The UK retail sales figures for August provoked the predictable round of calls last week for the Bank of England to raise interest rates further. The question needs to be asked, why? To stop inflation?

The UK retail sales figures for August provoked the predictable round of calls last week for the Bank of England to raise interest rates further. The question needs to be asked, why? To stop inflation?

If we examine the figures, we find that the value of retail sales grew by 5 per cent, while the volume grew by 6.5 per cent. Think about that: in order to shift more volume, the retail sector has been cutting prices.

Hardly a surprise to people in the real world. This is deflation, not inflation. If we look at the retail sales deflator, we see it has been negative for over two years.

The so-called economic miracle in the UK is nothing of the sort. The British consumer is weak, and getting weaker, caught between poor income growth and a wide range of rising taxes and pseudo taxes.

In a recent column, I wrote about the distorted nature of the UK unemployment statistics.

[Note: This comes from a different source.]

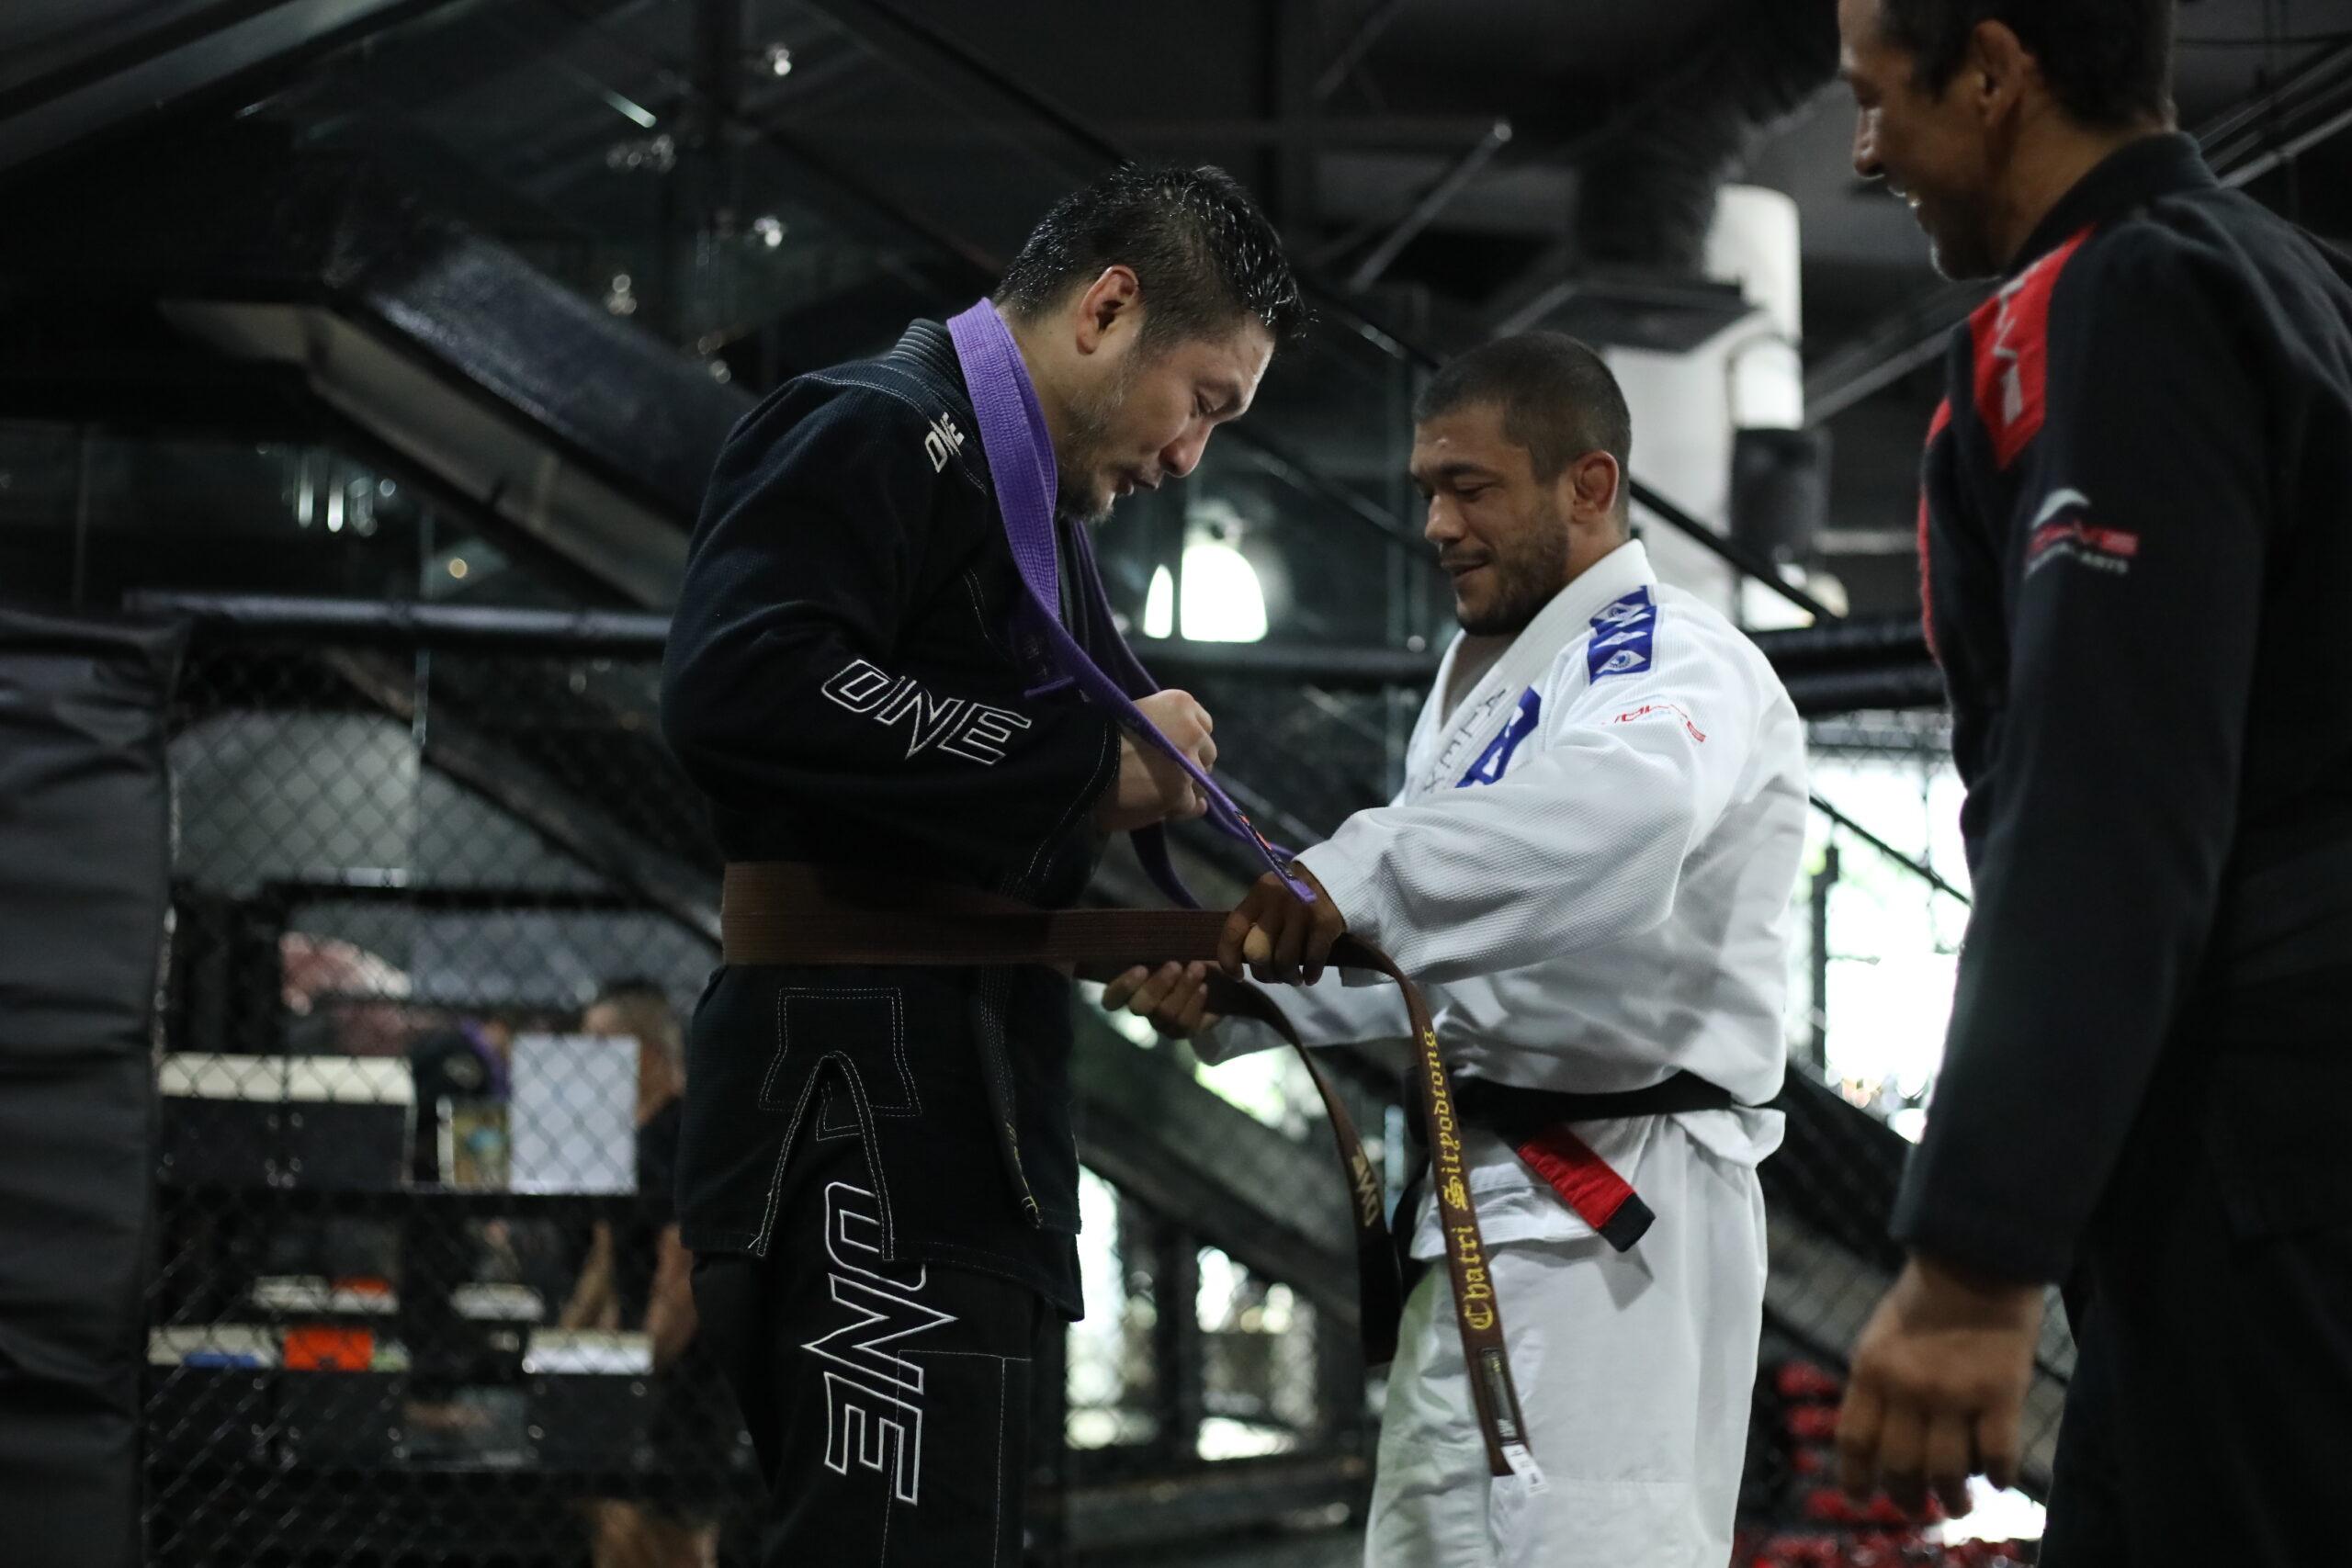 I Received My Brown Belt In Jiu-Jitsu!

I argued that if we were to include some of the extraordinary number of "long- term sick" as unemployed, then UK unemployment would be nearer the French and German 9 to 10 per cent than the much-trumpeted 2.9 per cent. After this, I received a large number of emails from readers suggesting that the inflation numbers were even more distorted. Mostly, they argued that inflation was actually much higher.

Well, yes and no. Inflation isn't higher, but the cost of living is. This is not mere semantics; it is important to distinguish between the various measures in terms of the use to which they are put. Excluding the cost of housing or train fares or council tax might seem ridiculous to the hard-pressed householder, but it is the more sensible measure to be monitored by the Bank of England, whose job is to assess the extent to which price inflation is the result of excess demand relative to supply. There is also the circular issue of including mortgage rates in a targeted inflation measure. If you raise rates to head off inflation, you raise inflation. So do you increase rates further?

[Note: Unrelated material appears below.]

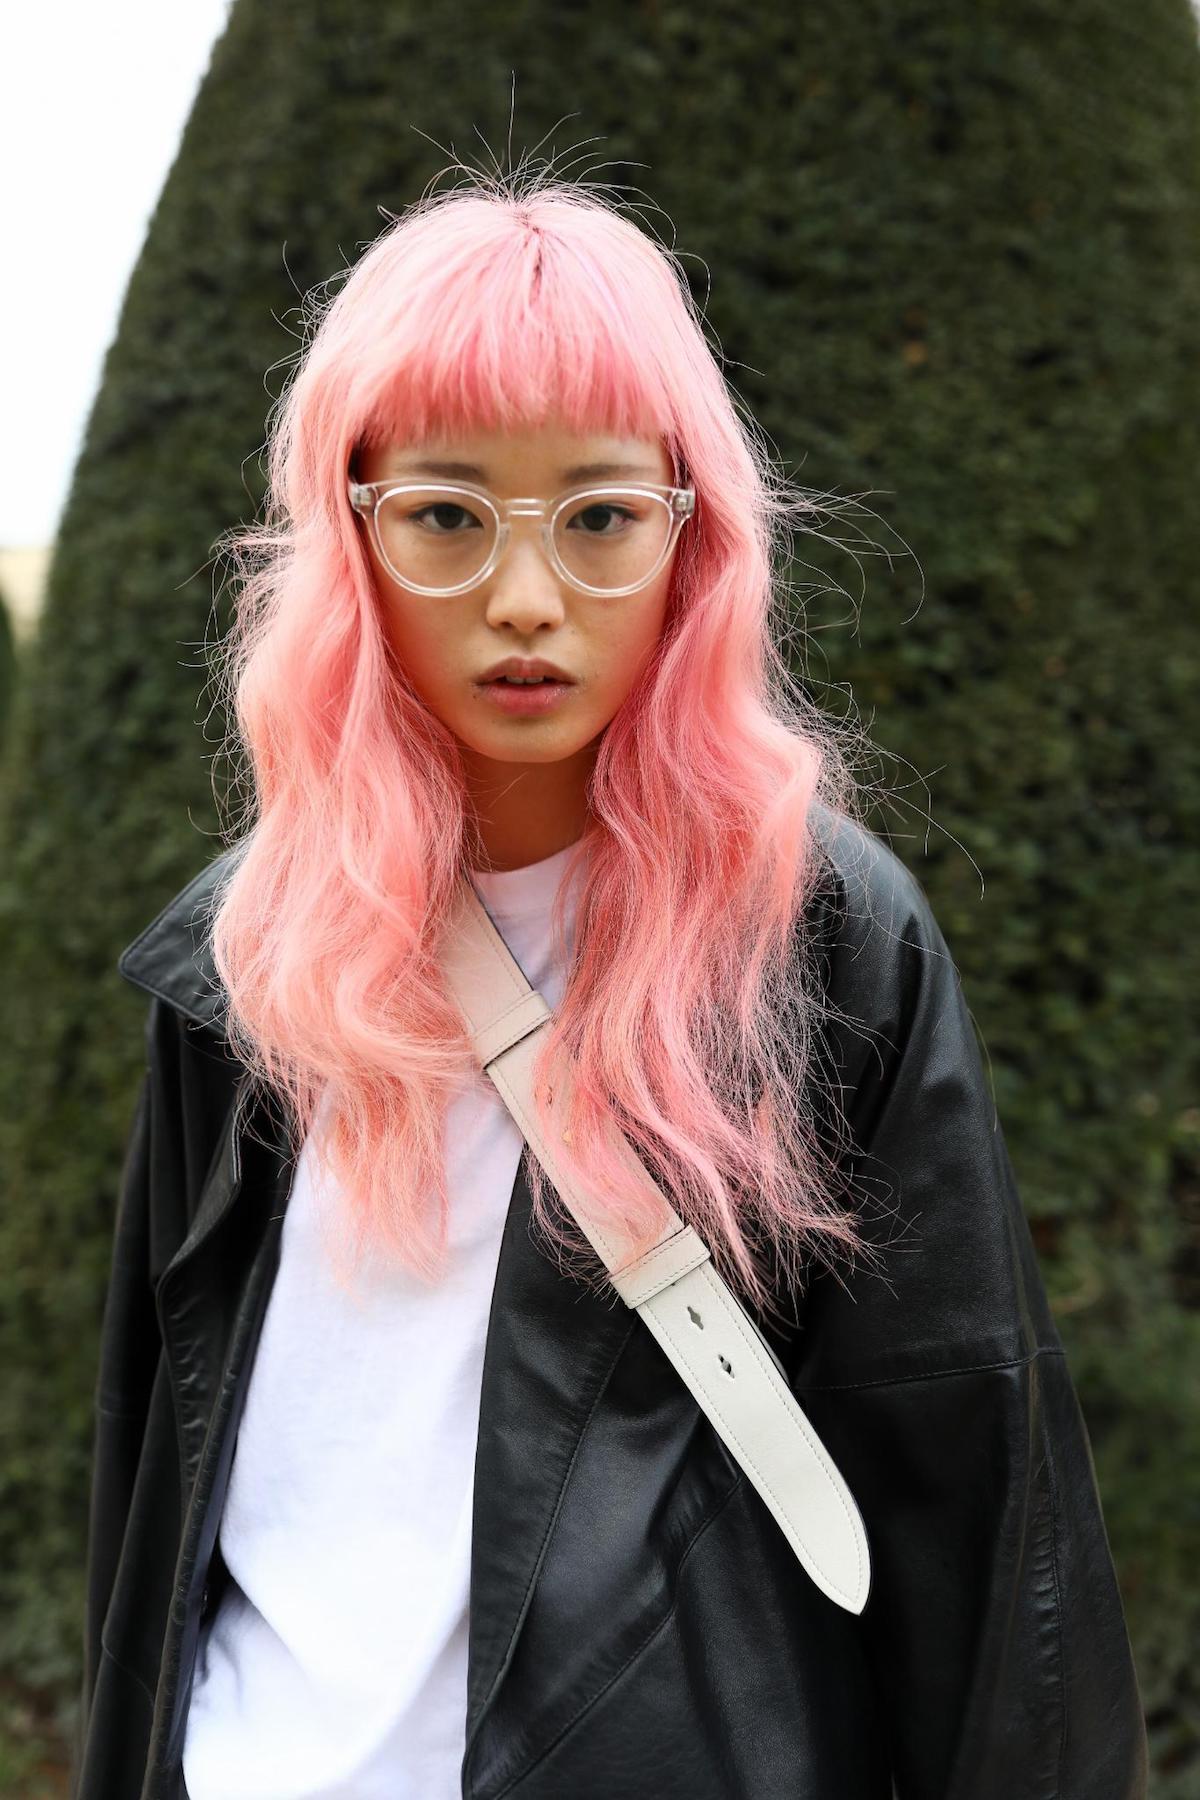 Rambut panjang ikal warna pink terang

The wider measure is the cost of living and should be used to hold those in the public sector accountable for their use and abuse of their monopoly power to raise prices. Council tax, regulated utility prices, rail and tube fares and mortgage rates are all taxes on the consumer. The consumer can do little other than spend less on non-essential items.

This is becoming more important since the relentless increase in these taxes appears, to many of those proposing them, to be at little or no cost. The reality is that the drop in interest rates from 7.5 per cent in 1998 to 3.5 per cent last year has acted as a significant "tax cut" for British households, more than offsetting the tax increases elsewhere.

No longer.

In previous columns I have discussed how the ridiculous nature of our mortgage finance system means that monetary policy in the UK acts as an arm of fiscal policy. With £1 trillion of household debt, every one-point move in interest rates adds or withdraws £10bn of spending power - equivalent to 3p on or off the basic rate of income tax. The Bank has increased these monetary taxes five times since last year, but there has been no reduction elsewhere.

Gordon Brown regularly claims to have ended boom and bust. By raising taxes into an upswing and continuing to raise them while the Bank cut its own "taxes", he ensured no boom. But with the Bank now raising rates and councils, utilities and transport all still raising their "taxes", it is difficult to see how he can avoid the bust. No wonder he wants to move next door.